Daniel went home, his heart bruised and ravaged by the trickery of his own brother. He had no other choice but to go back to the gym and work to pay off the debt.
A few months later, Daniel met a young girl who led him to faith in Jesus Christ. Soon Daniel was involved in a local church and learning all he could about his Lord.
But though Daniel had been forgiven so much, he still found it impossible to forgive his brother. The wound was deep. He didn’t see his brother for 2 years. Daniel couldn’t bring himself to look into the face of the one who had betrayed him. And his brother liked his own face too much to let Daniel see it.
But an encounter was inevitable. Both knew they would eventually run into each other. And neither knew what would happen then.
The encounter occurred one day on a busy street. Listen to how Daniel tells it:
I saw him, but he didn’t see me. I felt my fists clench and my face get hot. My initial impulse was to grab him around the throat and choke the life out of him.
But as I looked into his face, my anger began to melt. As I saw him, I saw the image of my father. I saw my father’s eyes. I saw my father’s look. I saw my father’s expression. And as I saw my father in his face, my enemy once again became my brother.
Daniel walked toward him. The brother stopped, turned, and started to run, but he was too slow. Daniel reached out and grabbed his shoulder. The brother winced, expecting the worst. But rather than have his throat squeezed by Daniel’s hands, he found himself hugged by Daniel’s big arms. And the two brothers stood in the middle of the river of people and wept.

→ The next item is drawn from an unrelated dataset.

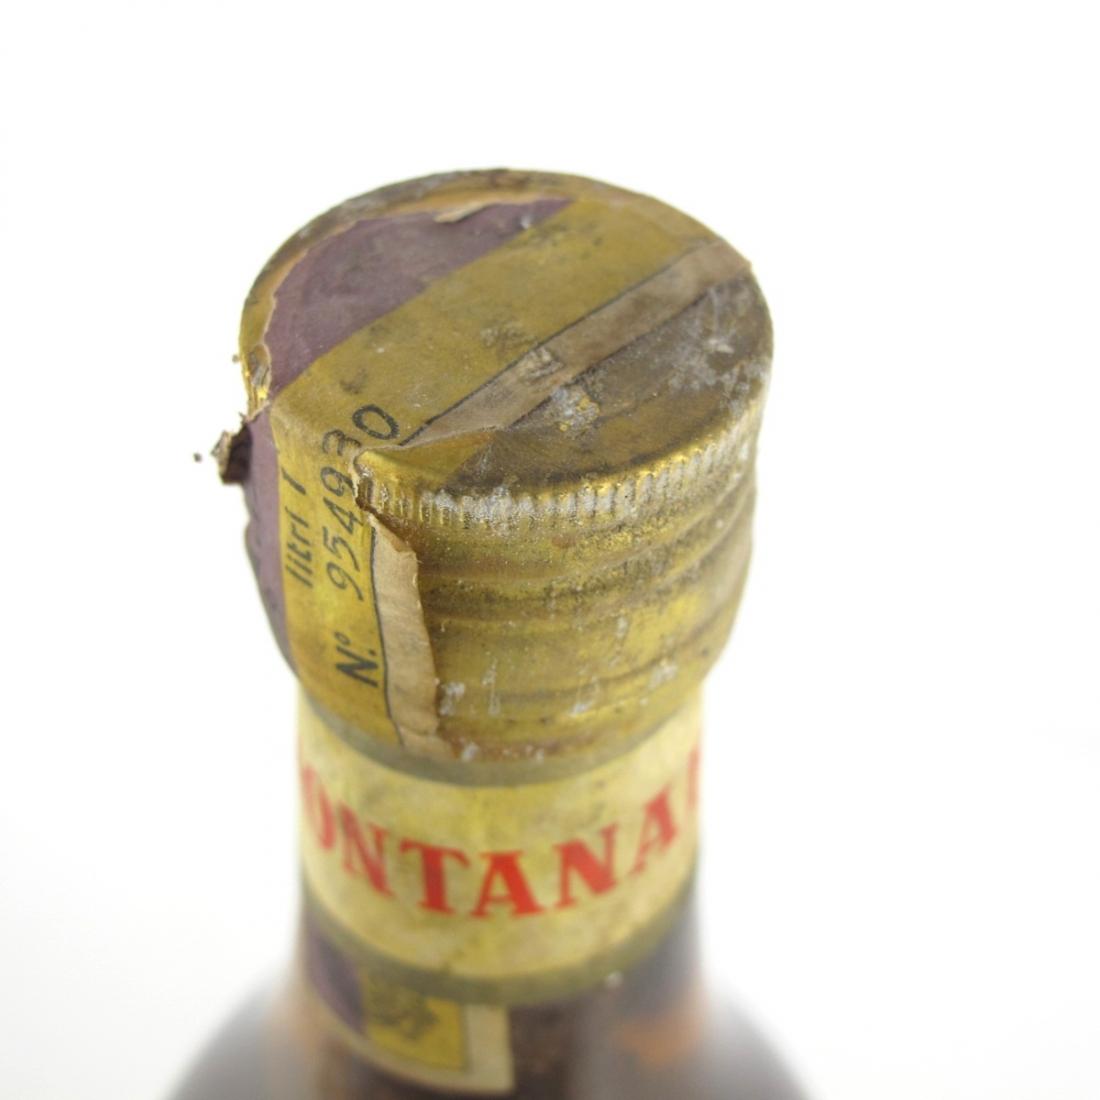 Fontanafredda Barolo Chinato 1 Litre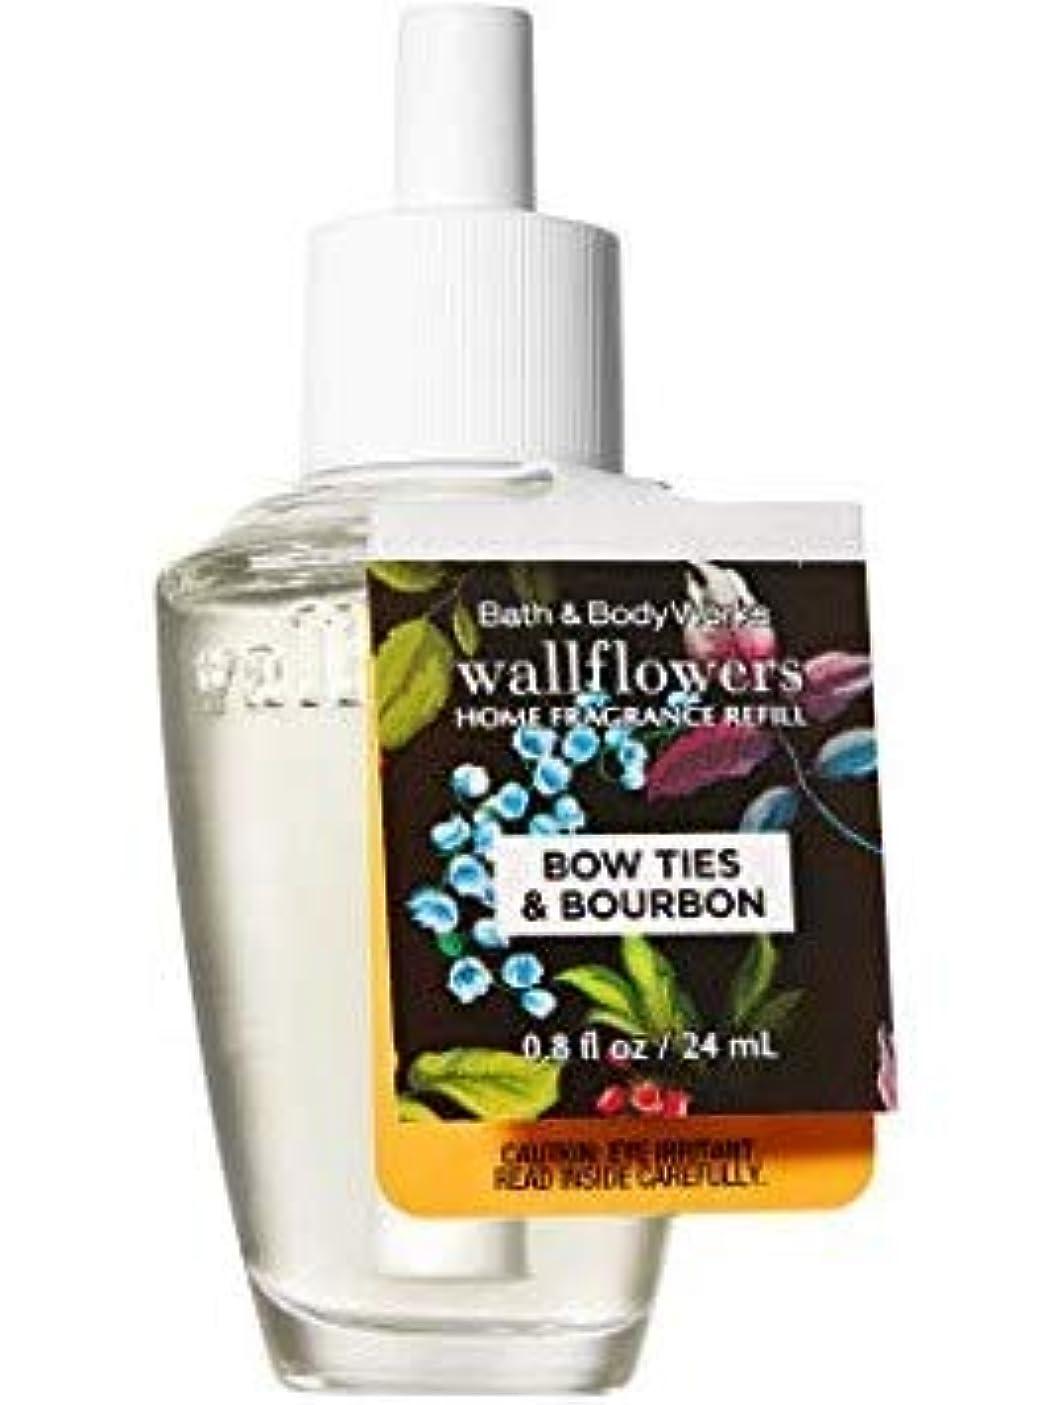 メイエラカテゴリー口【Bath&Body Works/バス&ボディワークス】 ルームフレグランス 詰替えリフィル ボウタイ&バーボン Wallflowers Home Fragrance Refill Bow Ties & Bourbon [並行輸入品]

Daniel’s words are worth repeating: “As I saw my Father in his face, my enemy once again became my brother.”
Try that. The next time you see or think of the one who broke your heart, look twice. As you look at his face, look also for His face—the face of the One who forgave you. Look into the eyes of the King who wept when you pleaded for mercy. Look into the face of the Father who gave you grace when no one else gave you a chance. Find the face of God who forgives in the face of your enemy. And then, because God has forgiven you more than you’ll ever be called on to forgive in another, set your enemy—and yourself —free.